Protestants, not to worry
Q: If Elena Kagan is confirmed to replace retiring Justice John Paul Stevens, the Supreme Court would for the first time in its history be without a justice belonging to America's largest religious affiliations -- the Protestant traditions. If Kagan is confirmed, six of the justices will be Roman Catholic and three will be Jewish. Should the Supreme Court be more representative of America's religious traditions? Does religion matter in the mix of experience and expertise that a president seeks in a Supreme Court nominee?
Why are we asking if the religious composition of the United States Supreme Court should be more representative of America's religious traditions, now that it is likely that for the first time in its history, the Court is likely not to have one single Protestant on board?
There will be six Catholic and three Jewish justices, should Elena Kagan's nomination go through, and some people are nervous. Why?
This nation is surely changing. Up until recently, white Anglo Saxon Protestants have enjoyed the largest numbers and have occupied the highest seats of power and influence.
But the racial and religious composition of the United States is changing, and while Protestants might still be the largest religious denomination in this country, with the number of Hispanics growing as quickly as it is, that place of prominence is likely to change soon.
I don't remember any questions coming up over the years when the Court had all Protestant men (mostly white). There was no concern, apparently, that the composition of the Court was not representative of this nation in terms of gender and race.
Roman Catholic and Jewish people, along with African Americans and women, would be and could be fairly represented by these white men, or at least that seemed to be the assumption.

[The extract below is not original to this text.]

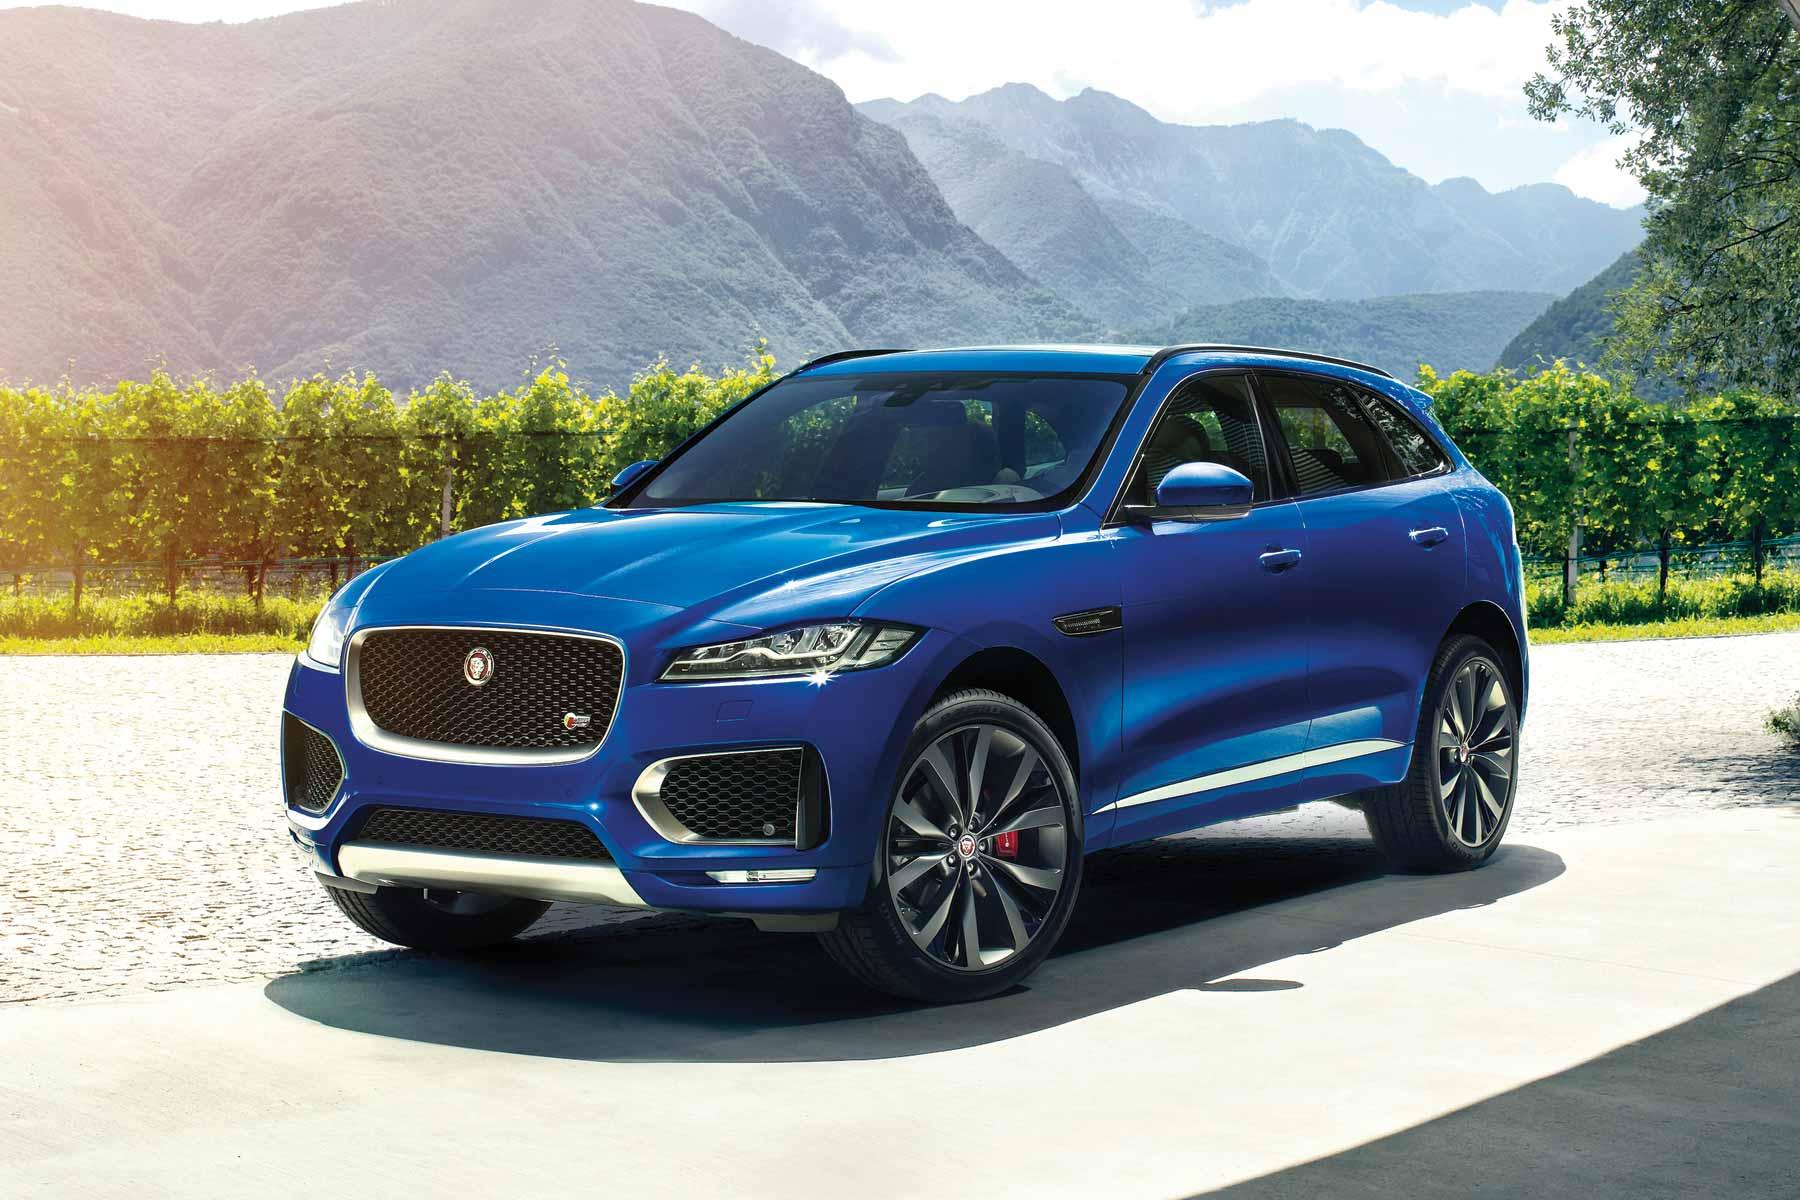 On a testé un SUV de chez Jaguar : F-pace S V6

It is only now, when the reality of a new day is staring this nation in the face that the issue of "fair representation" is becoming an issue, and I would suppose it will become more of an issue as time goes on. There is something very unsettling about feeling that your sitz en leben is not being lifted up, recognized, or respected.

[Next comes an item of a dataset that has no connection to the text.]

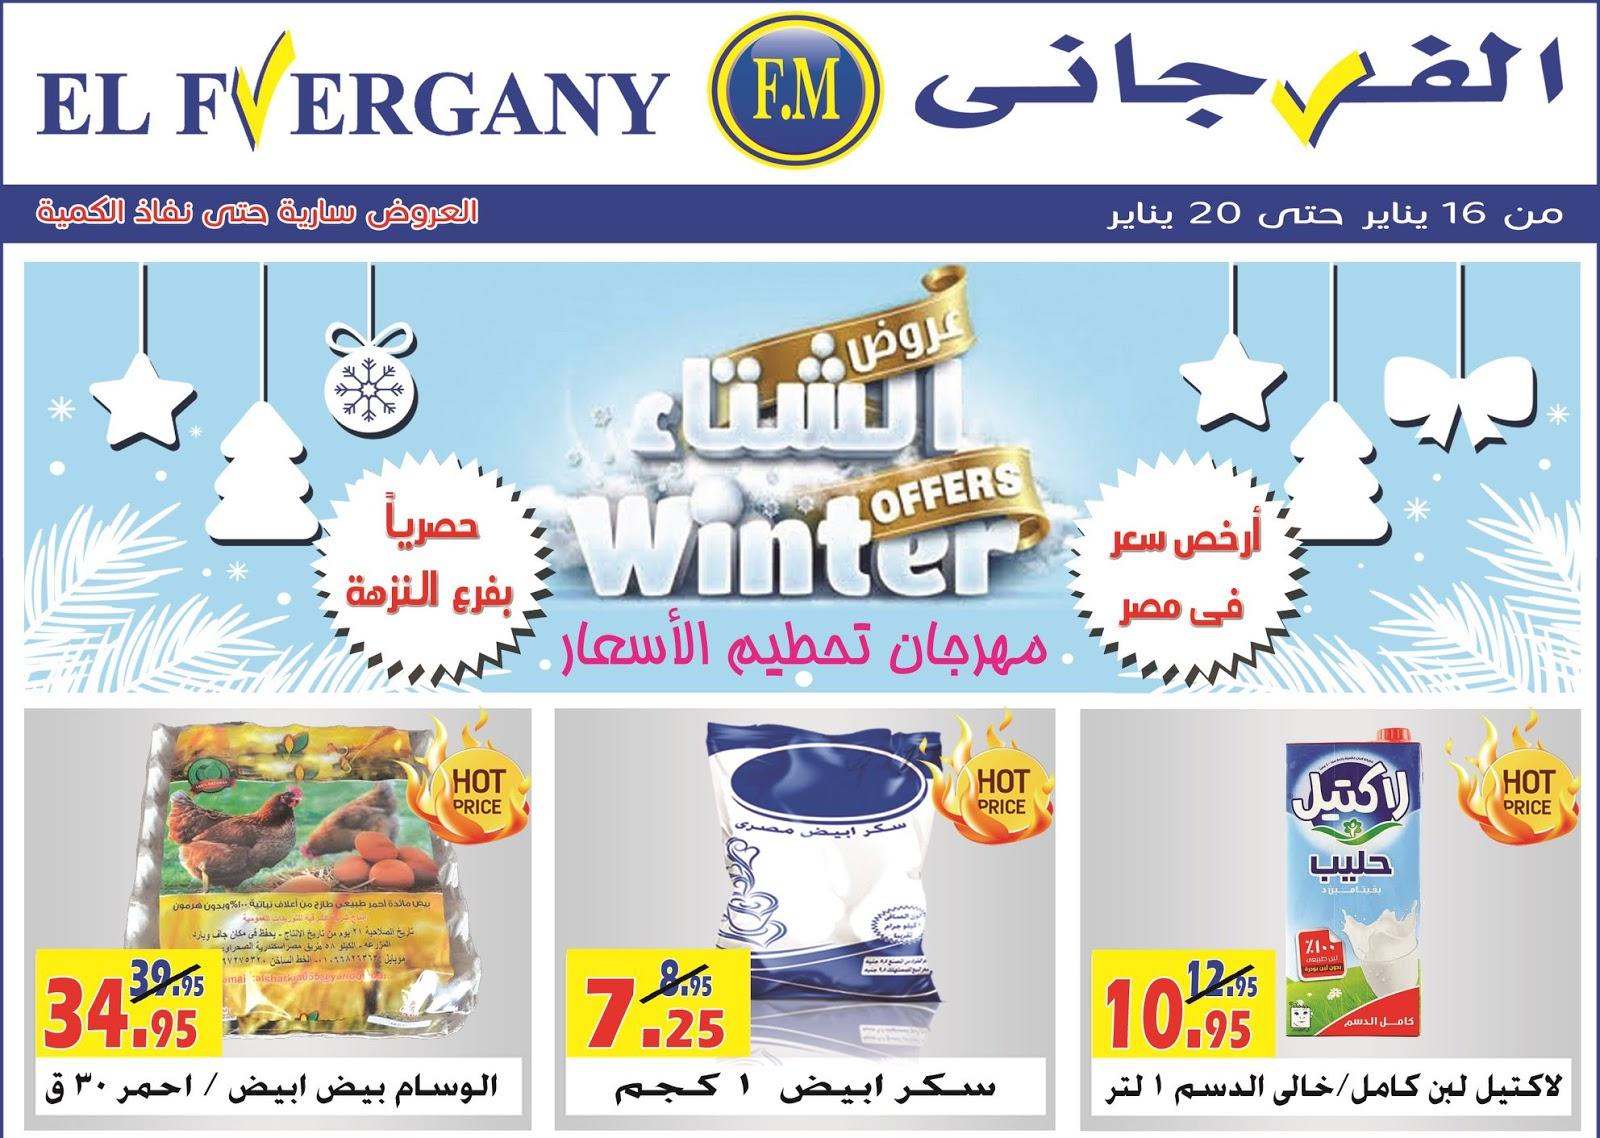 عروض الفرجانى مهرجان تحطيم الاسعار من 16 يناير حتى 20 يناير 2020 فرع النزهة فقط

I would suppose that the six Roman Catholics and three Jewish justices will make their decisions based on how they interpret the law, and yes, I would suppose that their interpretation of the law might be at least a bit tinged by their religious beliefs.

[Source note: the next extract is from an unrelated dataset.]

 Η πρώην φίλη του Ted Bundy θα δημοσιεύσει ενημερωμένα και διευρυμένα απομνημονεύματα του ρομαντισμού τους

But then, weren't the Protestant justices influenced by their religious beliefs as well?
Protestants can be left or right leaning, but so can and so are, Roman Catholic and Jewish people as well. One's religion does not automatically define one's political position.
Interpretation of the law, no matter how one tries to deny it, is largely subjective. It has always been and always will be. And the subjectivity is as much defined by the era in which a given law is being interpreted (Revolutionary as opposed to Modern Day America), as well as by one's race, gender and religion.
In other words, there seemingly is no "one" correct definition of a given law. In the end, every justice depends on his or her intellect and education, but also on the values he or she has been taught.
What matters is that each justice is dedicated to the fairest interpretation of the law he or she can render. I am convinced that the new face of the nation's highest court will not insult the spirit of the laws they are being called to interpret, their religious affiliations notwithstanding.
Protestants made decisions for us all; the Jewish and Roman Catholic justices will do the same and the country will be all right, or maybe even better and stronger.